Nevertheless, I own a copy of the $100.00 book (no 0997) and I concider it a great book (expensive but great). It is clearly illustrated and easy to follow -unlike several of other books by the old masters.

It is a especialy interesting book for me as a kyokushin student, to look at the striking similarities between kyokushin and the goju it in part was based on.

Gogen may have played a bit with the truth on occation, but he was hardly the only one of the old masters who did that. His karate was very good. Not identical to okinawan goju, but good.

If you can find them, I recomend you to read "What is karate", "This is karate" and "Advanced karate" (esp the last two), by Masutatsu "Mas" Oyama.
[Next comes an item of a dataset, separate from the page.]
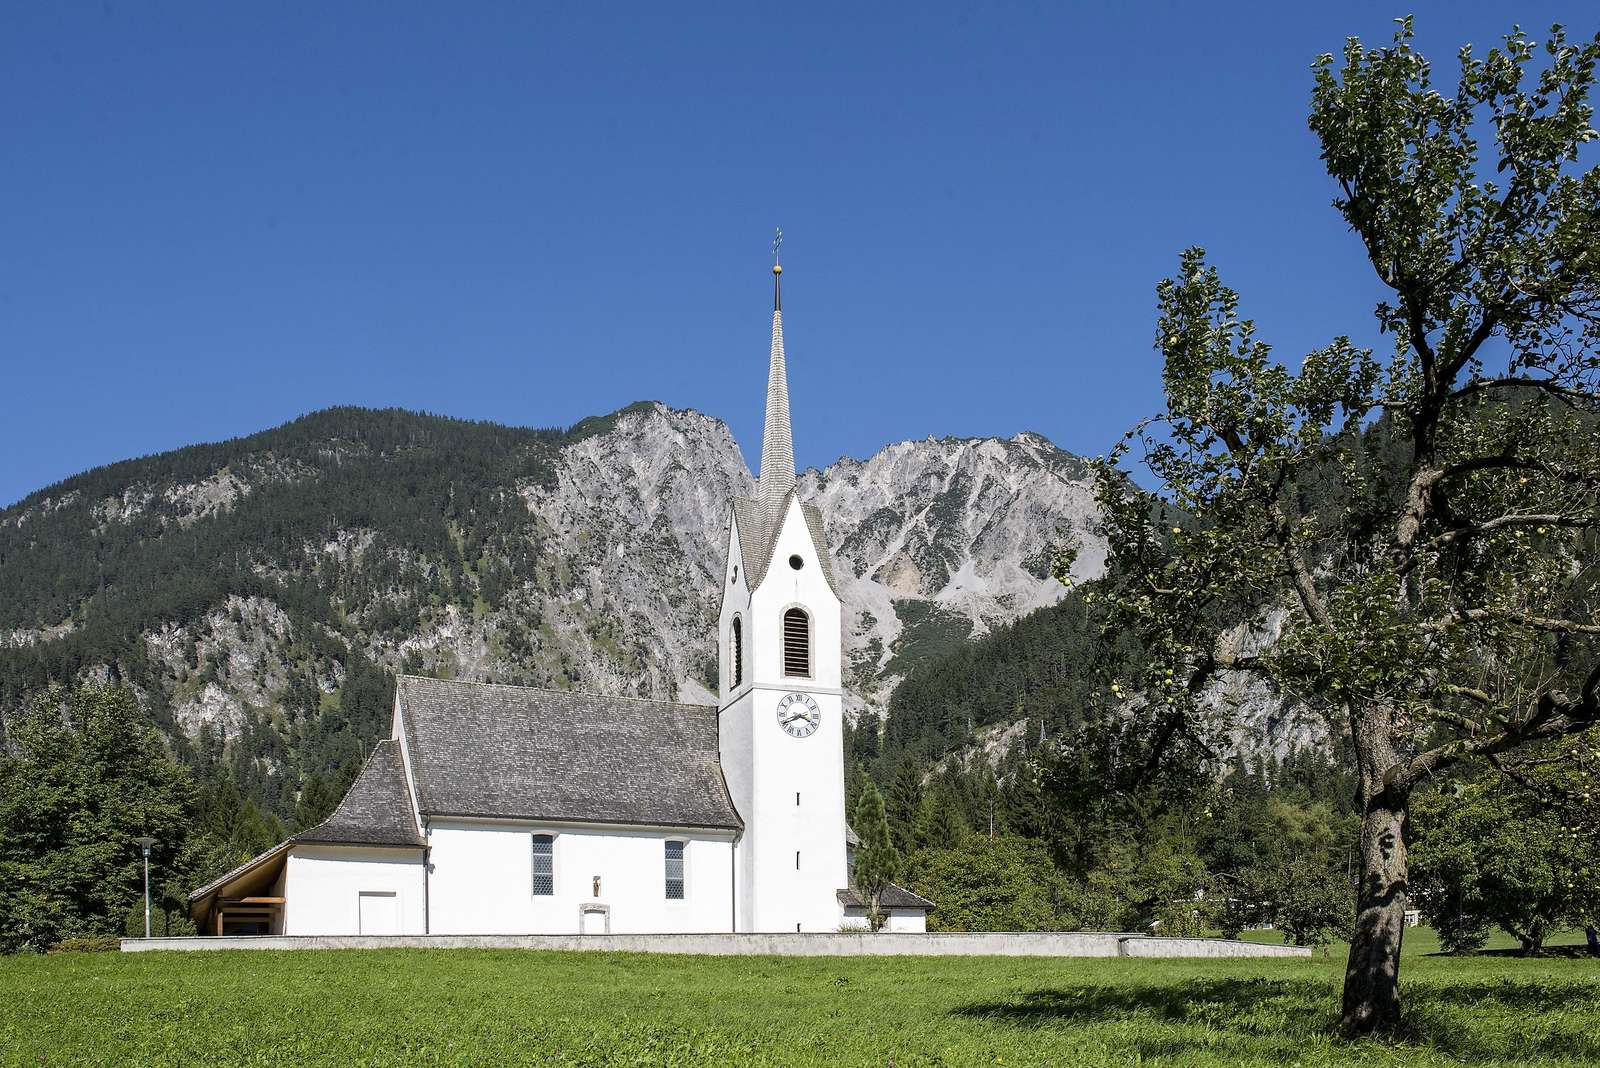 St Anton Arlberg Tirol Austria puzzle online
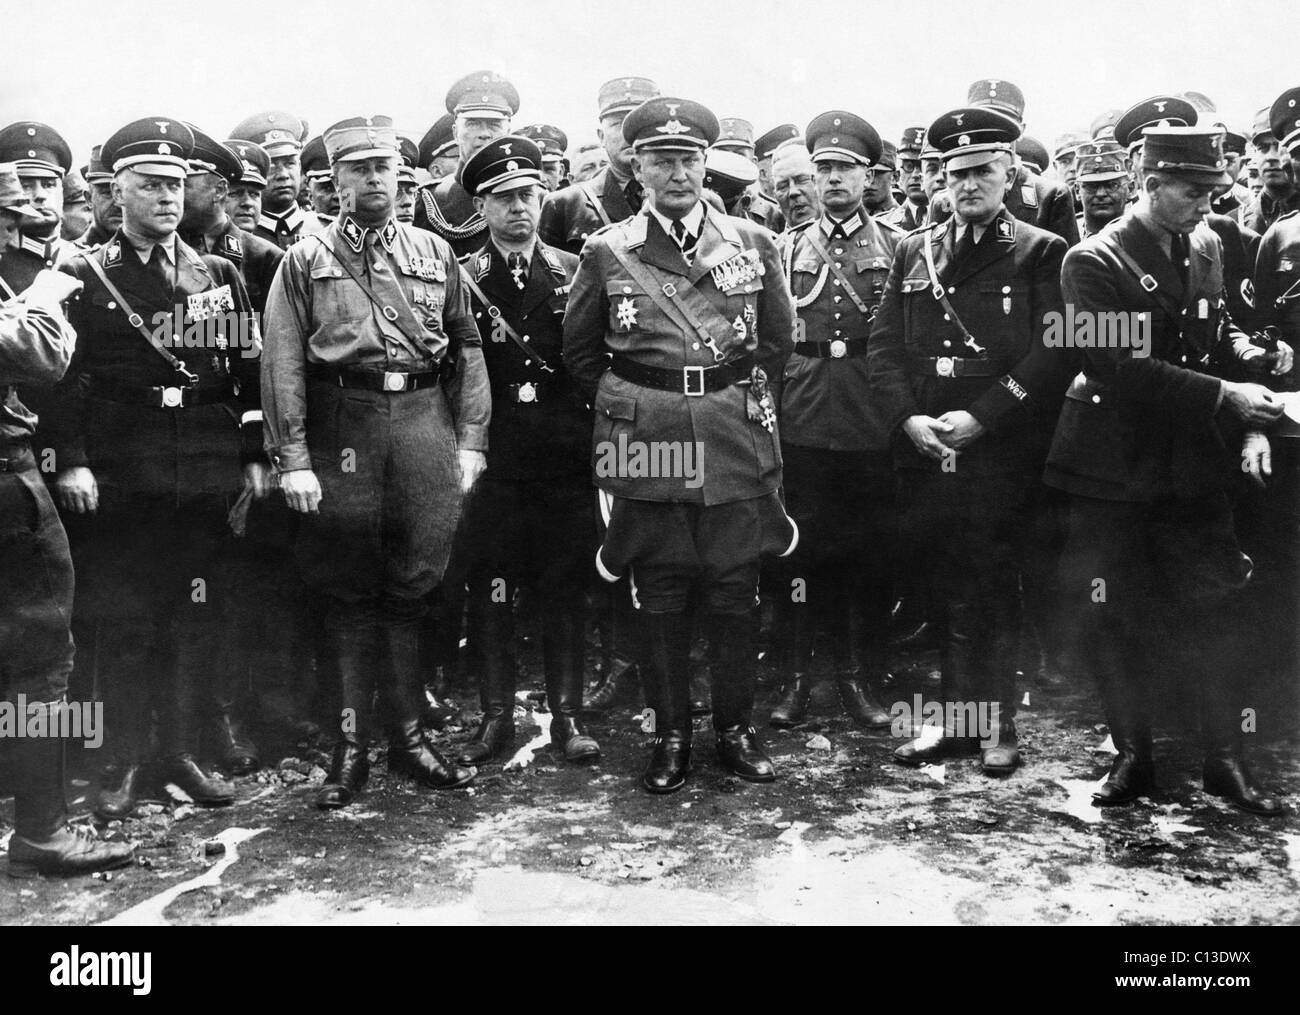 Commander-in-chief of the Luftwaffe Hermann Goering, center, at 10th commemoration for Albert Leo Schlageter, Dusseldorf, 1933 Stock Photo

Unfortunaly all of them are rare and expensive. 

"Tote-jutsu" by Funakoshi and "Okinawan Kempo" by Choki Motobu are also good, but in my opinion they are not as clearly structured, and not nearly as well illustrated. Mostly because they are much older, but still...
Never seen the "blue book" of Kanei Uechi, but now I will look for it.


----------



## RyuShiKan (Mar 25, 2003)

> _Originally posted by Martin h _
> *Gogen was very highly respected in japanese karate, and very little in okinawan karate. *



That point is debatable.



Nevertheless, I own a copy of the $100.00 book (no 0997) and I concider it a great book (expensive but great). It is clearly illustrated and easy to follow -unlike several of other books by the old masters.

It is a especialy interesting book for me as a kyokushin student, to look at the striking similarities between kyokushin and the goju it in part was based on.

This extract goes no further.